Not only does this classification system provide a useful basis for dialogue among experts, it is also useful for regulators, horsemen and other laymen, most of whom have little training or experience with drugs and their effects on horses. The system is easily understandable and communicates the relative possibility of any classified substance to affect the performance of a horse. Consequently, the system has made it possible for laymen to understand the degree of impropriety of all drugs and medicines with which they may have contact.

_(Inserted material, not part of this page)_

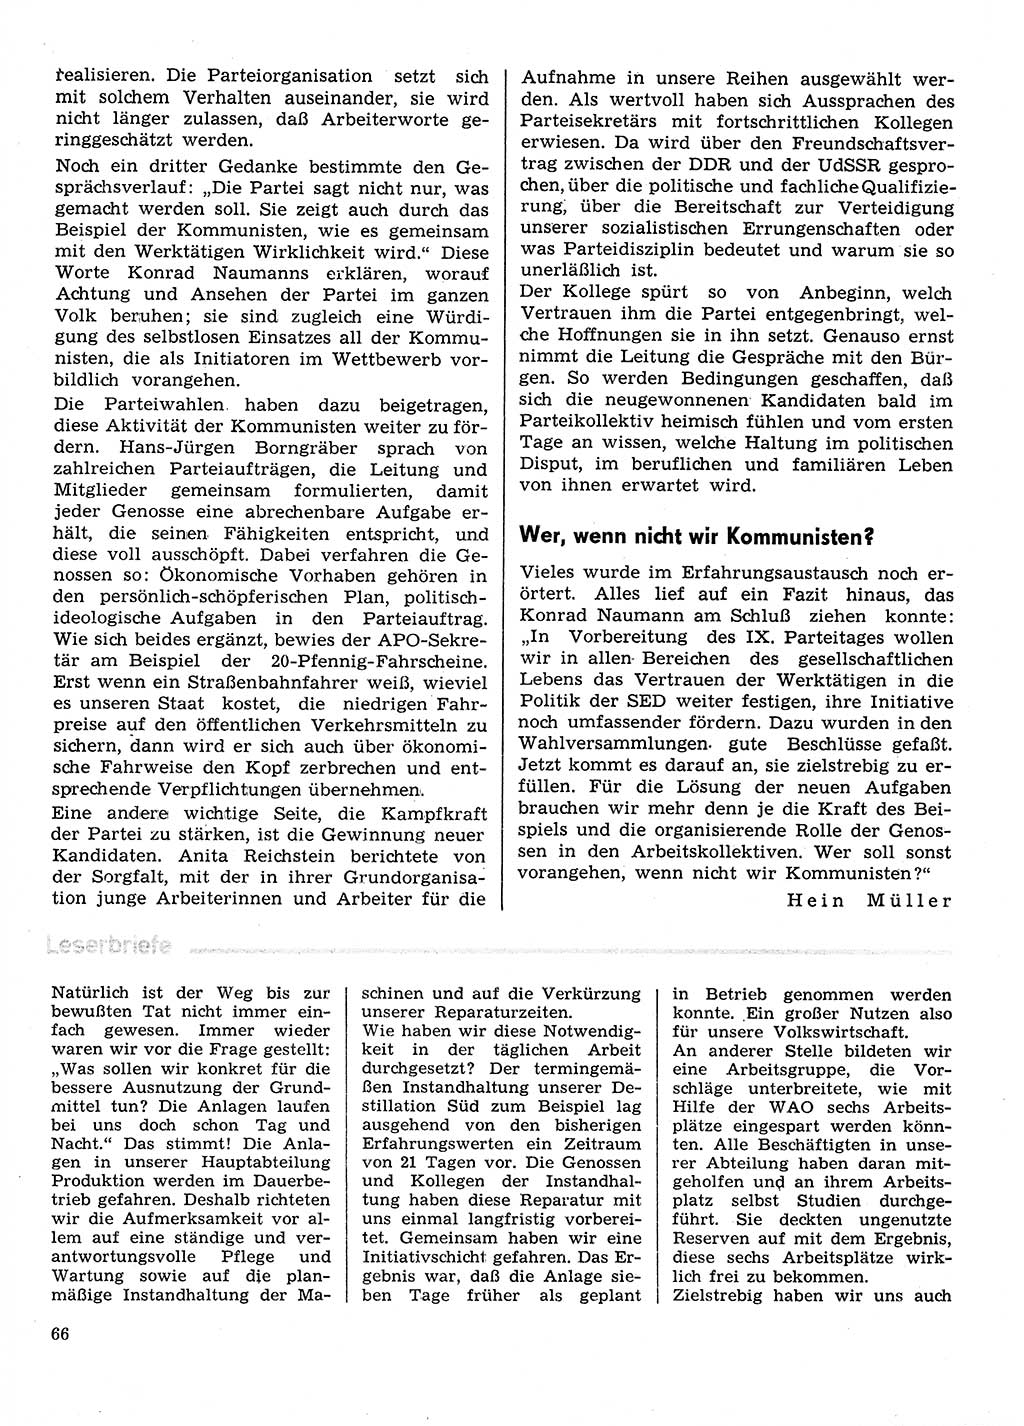 Neuer Weg (NW), Organ des Zentralkomitees (ZK) der SED (Sozialistische Einheitspartei Deutschlands) für Fragen des Parteilebens, 31. Jahrgang [Deutsche Demokratische Republik (DDR)] 1976, Seite 66 (NW ZK SED DDR 1976, S. 66)

Grouping a large number of drugs into specific classes has greatly facilitated discussion about regulations and penalties, and the classification system is related to proposed penalty guidelines which were developed in parallel. With regard to penalties for Class 1 agents, it is easy to assign and defend substantial penalties after examining the guideline statement describing the possible performance effects of this group of agents as well as the fact that they have no well recognized therapeutic role. Similarly, the relatively modest effects of class 4 and 5 agents, combined with the fact that these groups encompass a large number of well recognized therapeutic agents, helps in understanding the possible presence of trace levels of these agents in post-race samples.

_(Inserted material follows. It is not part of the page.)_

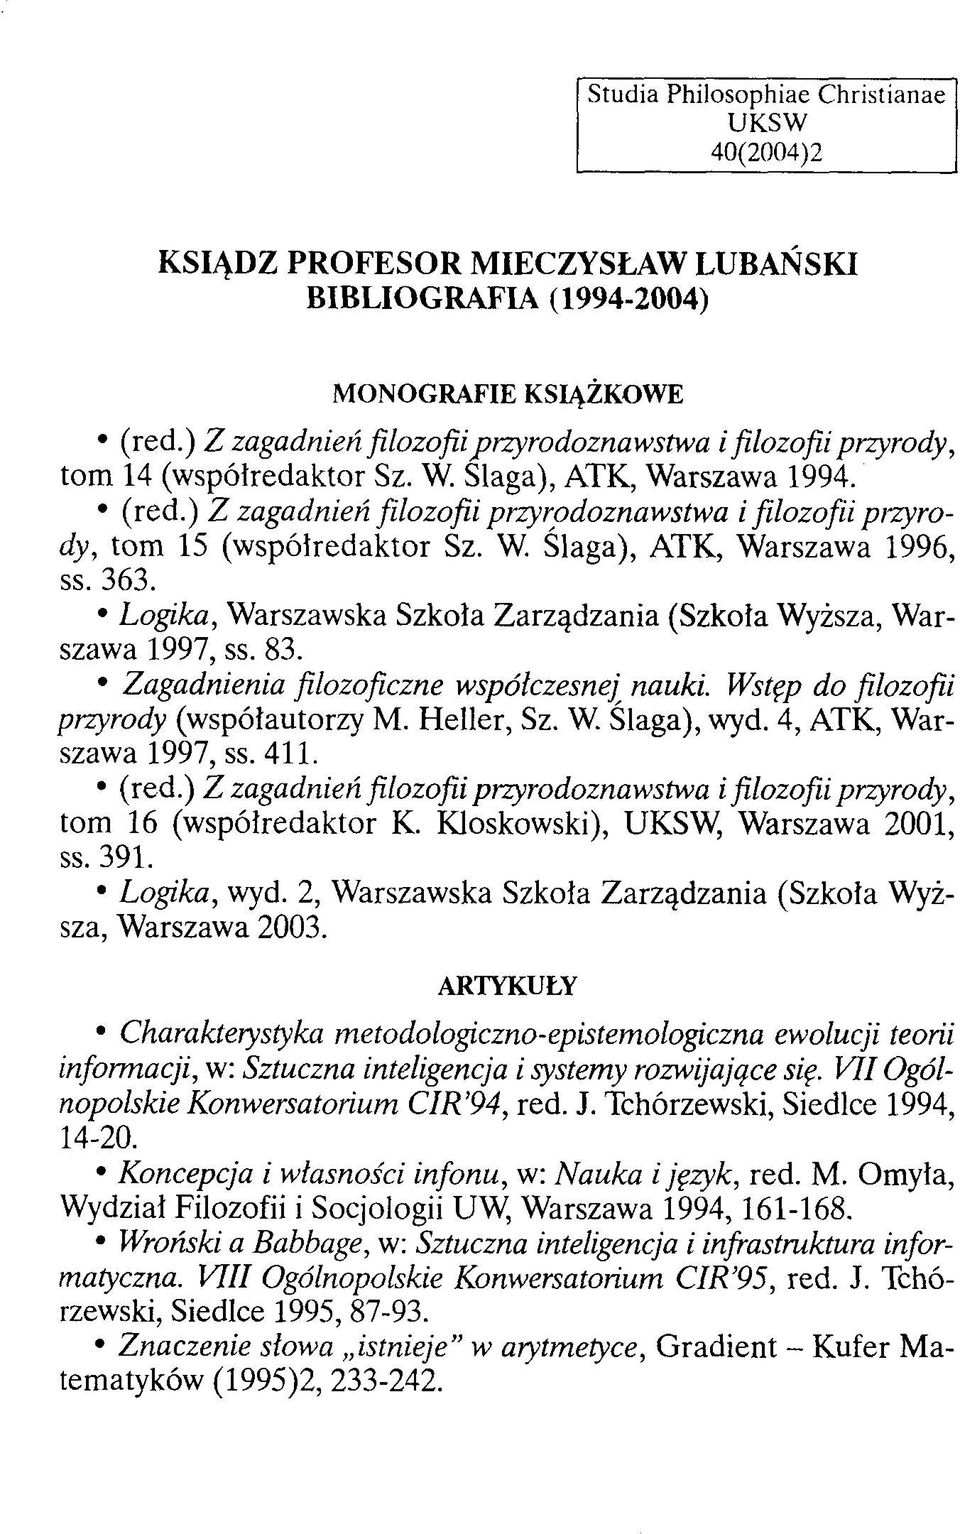 Wstęp do filozofii przyrody (współautorzy M. Heller, Sz. W. Ślaga), wyd. 4, ATK, Warszawa 1997, ss. 411. tom 16 (współredaktor K. Kloskowski), UKSW, Warszawa 2001, ss. 391. Logika, wyd.

In summary, the ARCI Uniform Classification of Foreign Substances Guidelines condenses data on drugs and medications and places them into a simple five class system. This system has made it possible to confidently discuss the regulatory implications of the identification of any one of the ≈ 750 classified substances potentially found in forensic samples from a performance horse. As such it facilitates both the development and implementation of more understandable and equitable regulatory processes.